▶
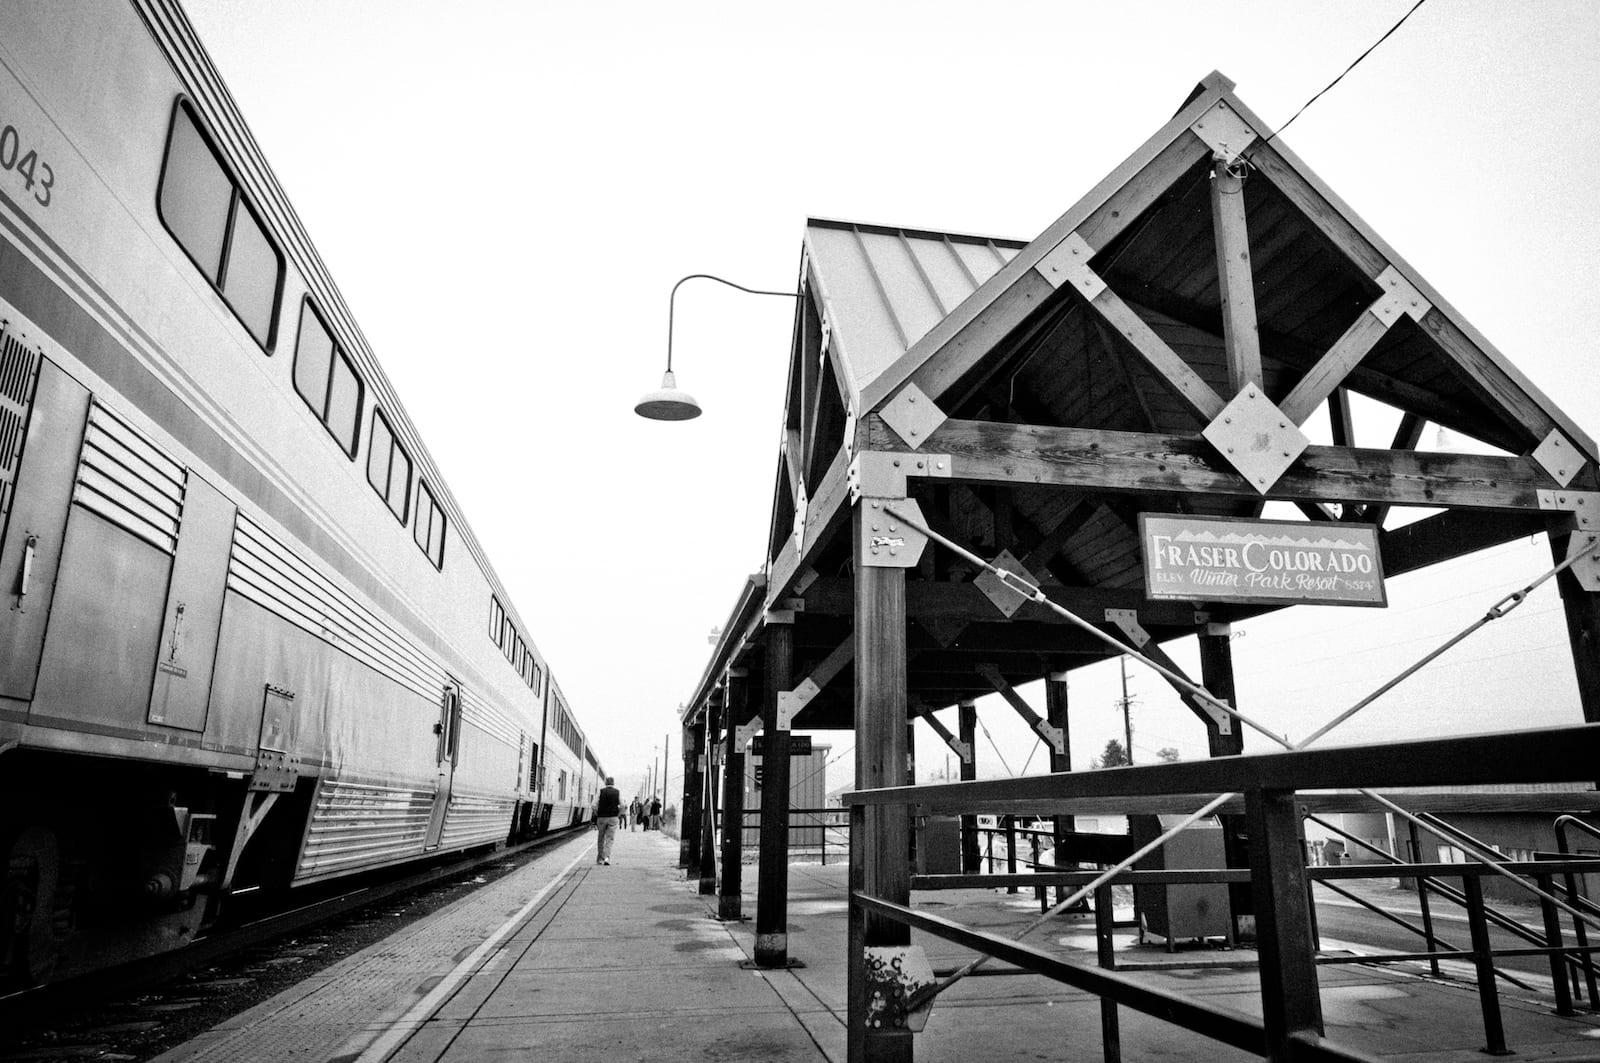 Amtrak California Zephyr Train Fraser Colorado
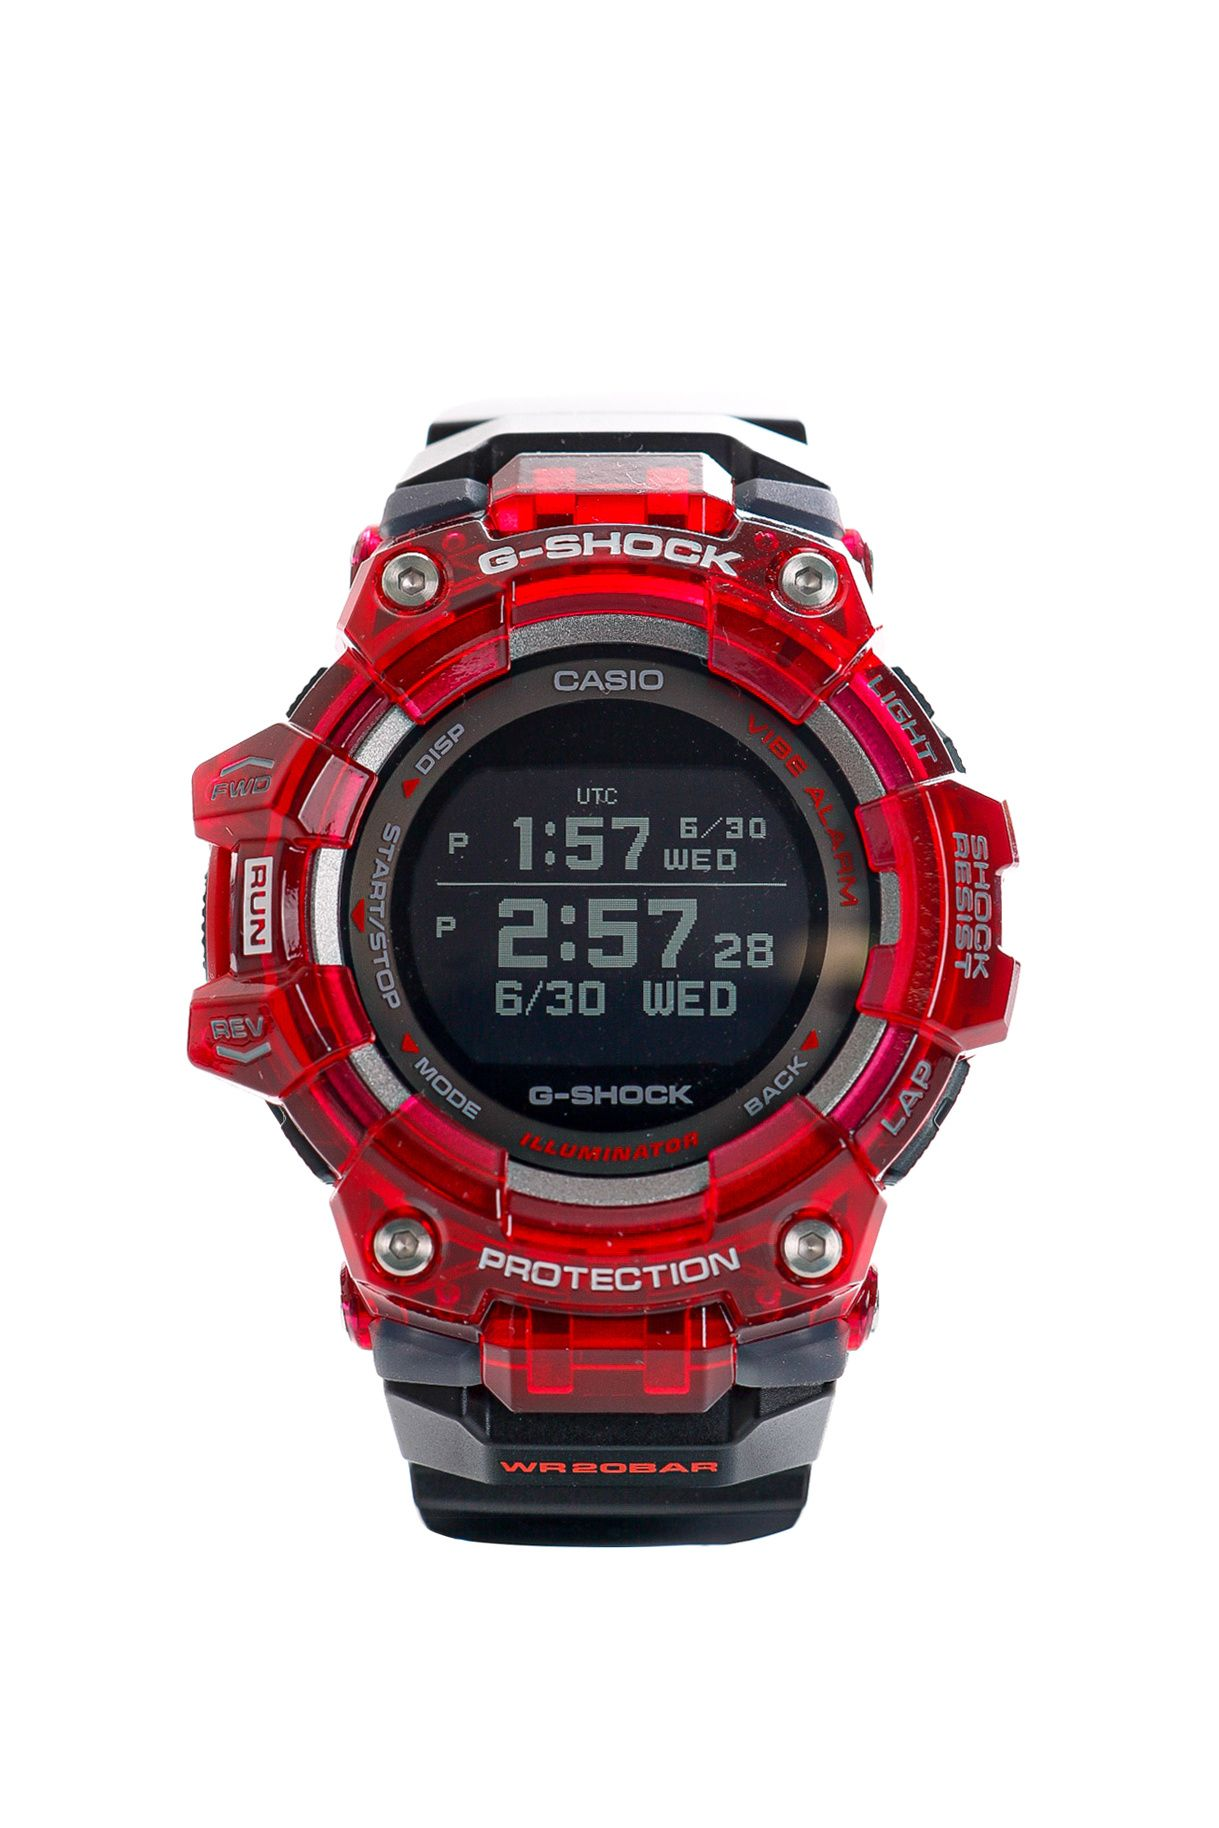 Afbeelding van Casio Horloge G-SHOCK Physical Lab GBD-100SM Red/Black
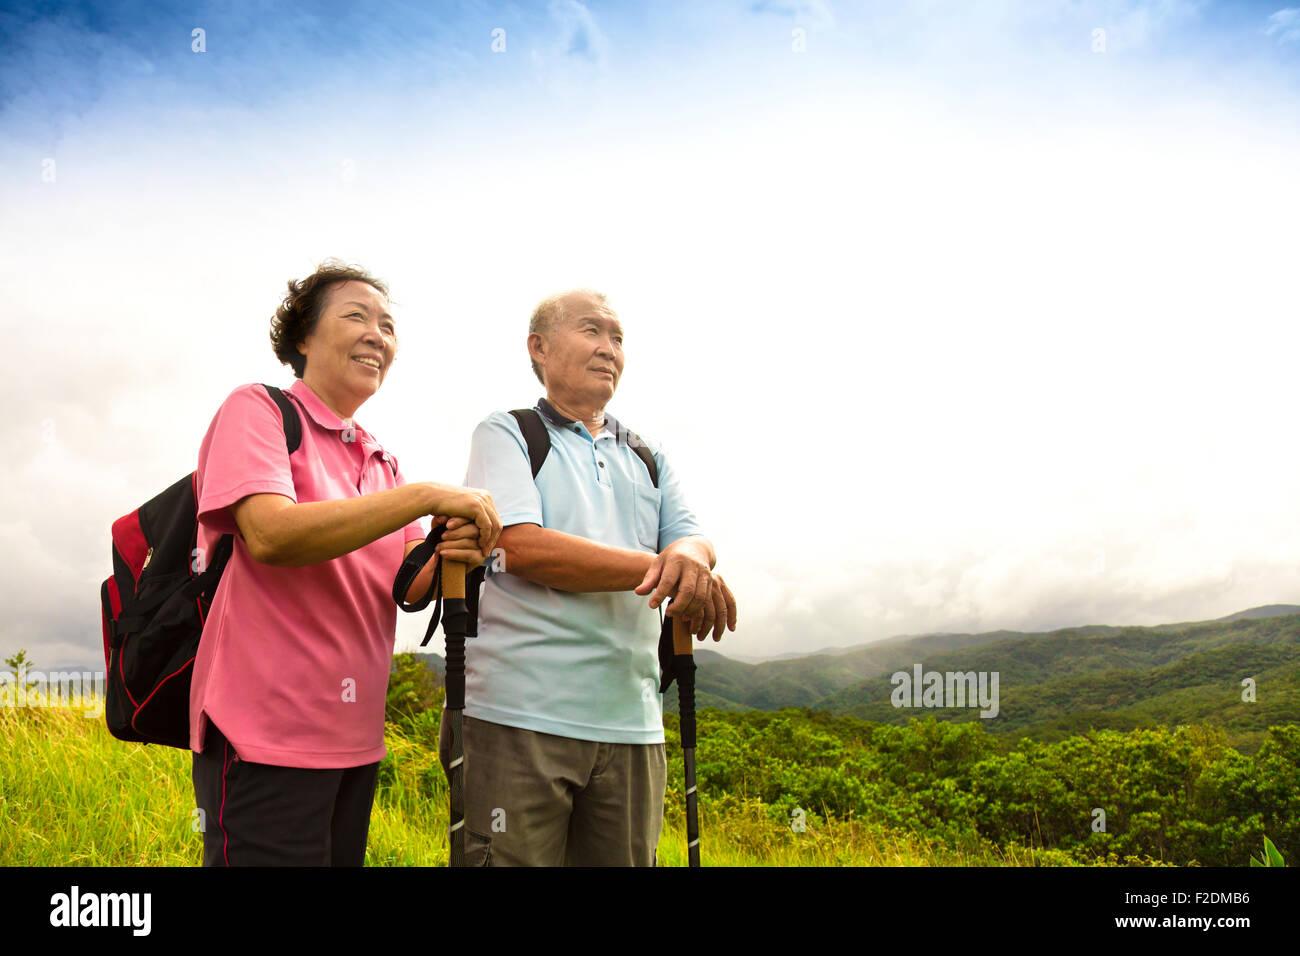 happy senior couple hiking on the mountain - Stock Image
◀
* **PROMPT**: Copy out all of the data word for word. Do not carry over any picture.

* **RESULT**:
 Amtrak California Zephyr Train Fraser Colorado
 Afbeelding van Casio Horloge G-SHOCK Physical Lab GBD-100SM Red/Black
 happy senior couple hiking on the mountain - Stock Image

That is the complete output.